[Stored data]
===

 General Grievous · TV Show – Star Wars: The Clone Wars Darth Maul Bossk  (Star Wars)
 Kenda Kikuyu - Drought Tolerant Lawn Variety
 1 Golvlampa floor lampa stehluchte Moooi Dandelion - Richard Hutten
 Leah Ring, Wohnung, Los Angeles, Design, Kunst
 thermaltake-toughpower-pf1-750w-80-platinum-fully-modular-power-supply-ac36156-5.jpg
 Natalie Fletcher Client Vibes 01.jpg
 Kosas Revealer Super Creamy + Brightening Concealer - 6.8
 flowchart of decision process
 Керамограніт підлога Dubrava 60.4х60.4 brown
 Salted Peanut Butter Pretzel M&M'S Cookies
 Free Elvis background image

===

Brief:
The lines to retype run from the start of the entries through the line containing "Natalie Fletcher Client Vibes 01.jpg"; reproduce them exactly and add nothing.

Finished task:
 General Grievous · TV Show – Star Wars: The Clone Wars Darth Maul Bossk  (Star Wars)
 Kenda Kikuyu - Drought Tolerant Lawn Variety
 1 Golvlampa floor lampa stehluchte Moooi Dandelion - Richard Hutten
 Leah Ring, Wohnung, Los Angeles, Design, Kunst
 thermaltake-toughpower-pf1-750w-80-platinum-fully-modular-power-supply-ac36156-5.jpg
 Natalie Fletcher Client Vibes 01.jpg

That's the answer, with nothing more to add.